Last-modified: 2010-12-18 (土) 21:18:42

Definition Edit

  • A compact Hausdorff space X is Valdivia compact if X has a dense Σ-subset.

Property Edit

  • Let f:X→Y be a continuous open surjection between compact Hausdorff spaces. Suppose, moreover, that Y has a dense set of G_δ points. If X is super-Valdivia , then Y is Corson.
  • Let X be a Valdivia compact space with a dense set of G_δ points?. Then every continusous open image of X is Valdivia.
  • Let X and Y be nonempty compact Hausdorff spaces such that X has a dense set of G_δ points and X×Y is Valdivia compact, then so are X and Y.
  • Let X_a, a \in Λ be an arbitrary family of nonempty compact Hausdorff spaces such that each X_a has a dense subset of G_δ points. Then the follwing two conditions are equivalent.
    1. Π_{a \in Λ} X_a is Valdivia compact.
    2. X_a is Valdivia compact for every a \in Λ.
  • Let X be a compact space with a dense set of G_δpoints.
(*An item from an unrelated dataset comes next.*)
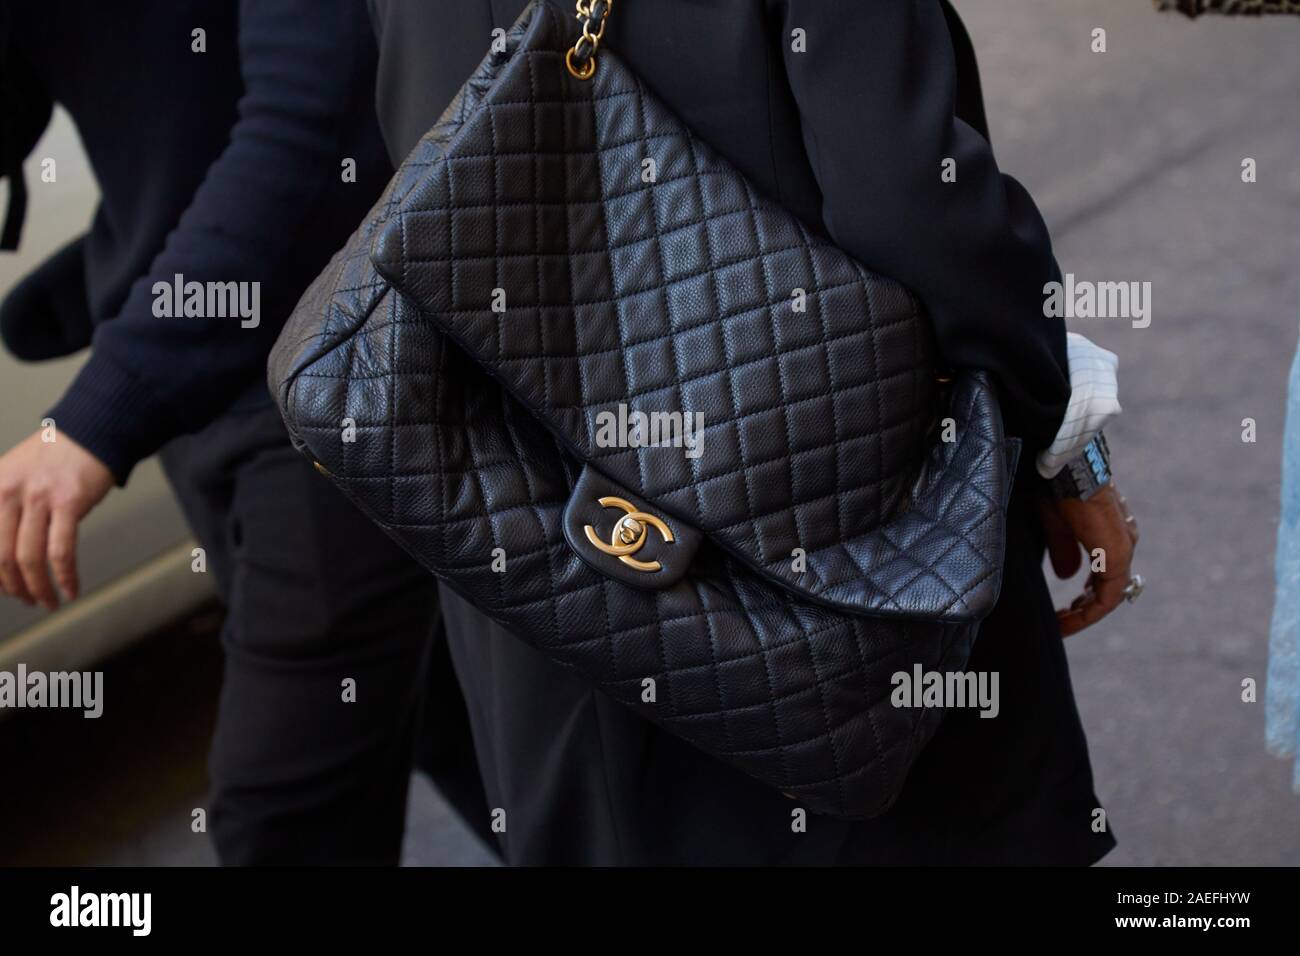 Mailand, Italien - 21 SEPTEMBER 2019: Frau mit großen schwarzen Leder  Chanel Tasche, bevor Ermanno Scervino fashion show, Mailand Fashion Week  street style Stockfotografie - Alamy

Then the following assertions are equivalent.
    1. X is Valdivia compact.
    2. The space P(X) of all Radon probabilities on X, endowed with the weak* topology, is Valdivia compact.
    3. The dual unit ball B_{C(X)*}, endowed with the weak* topology, is Valdivia compact.
    4. The dual unit ball B_{C(X)*}, endowed with the weak* topology, has a convex symmetric dense Σ-subset.

Reference Edit

Kalenda, Ondřej(CZ-KARLMP-MA),A characterization of Valdivia compact spaces, (English summary)Collect. Math. 51 (2000), no. 1, 59--81.